Open HoneyryderChuck opened 12 years ago
Actually, after reading a bit more, the right solution would be defining a list of allowed domains, and then check the ORIGIN header field for the font resource request. If it belongs to the list of allowed domains, then fill the Access-Control-Allow-Origin field with the respective domain and ship the response.
I got a temporary work around working. Basically I rewrote some of the logic of the middleware in an intializer:
module FontAssets
class Middleware
def call(env)
origin = env["HTTP_ORIGIN"]
# intercept the "preflight" request
if env["REQUEST_METHOD"] == "OPTIONS"
return [200, access_control_headers(origin), []]
else
code, headers, body = @app.call(env)
set_headers! headers, body, env["PATH_INFO"], origin
[code, headers, body]
end
end
def access_control_headers(origin)
return {} unless allowed_origin?(origin)
{
"Access-Control-Allow-Origin" => origin,
"Access-Control-Allow-Methods" => "GET",
"Access-Control-Allow-Headers" => "x-requested-with",
"Access-Control-Max-Age" => "3628800"
}
end
private
def set_headers!(headers, body, path, origin)

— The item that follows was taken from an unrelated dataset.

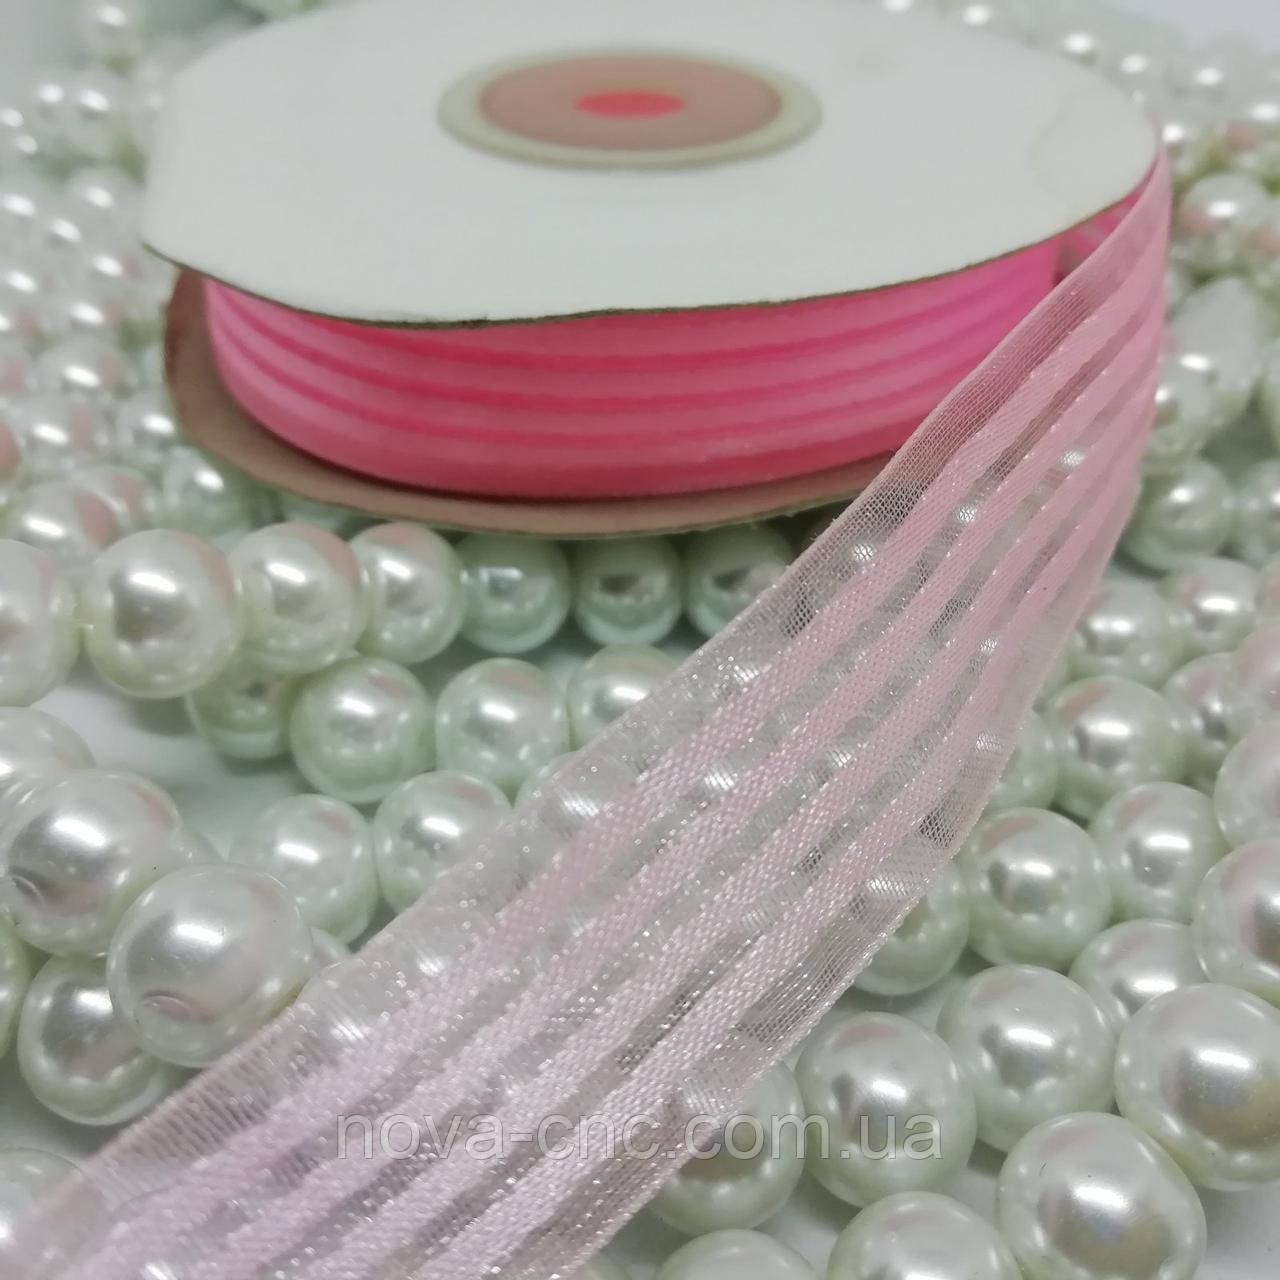 Стрічки органза з атласом смуга Колір рожевий 18 мм 23 м

if ext = extension(path) and font_asset?(ext) and allowed_origin?(origin)
headers.merge!(access_control_headers(origin))
headers.merge!('Content-Type' => mime_type(ext)) if headers['Content-Type']
end
end
def allowed_origin?(origin)
@origin.include?(origin)
end
end
end
It is not optimal, but it does the trick now. But instead of assigning a domain in application.rb, I have to assign an array of domains. I've noticed that the set_headers! function takes the body parameter needlessly. I'll try to work on this a bit more, but tell me what you think meanwhile.
This is the right approach but has one issue with cloundfront as they don't support the vary
header and will cache whatever domain's "Access-Control-Allow-Origin" header gets served first. (The vary
header tells caches use headers and not just urls in their cache keys.)
Hi man,
Great gem you got there. I'm just missing something: What if I want to had more than one domain? Thing is, the way the Access-Control-Allow-Origin header field should work, the field has to be repeated in the header:
Access-Control-Allow-Origin: http://example.com Access-Control-Allow-Origin. https://example.com
At least that's what I read, comma separation doesn't work in this case.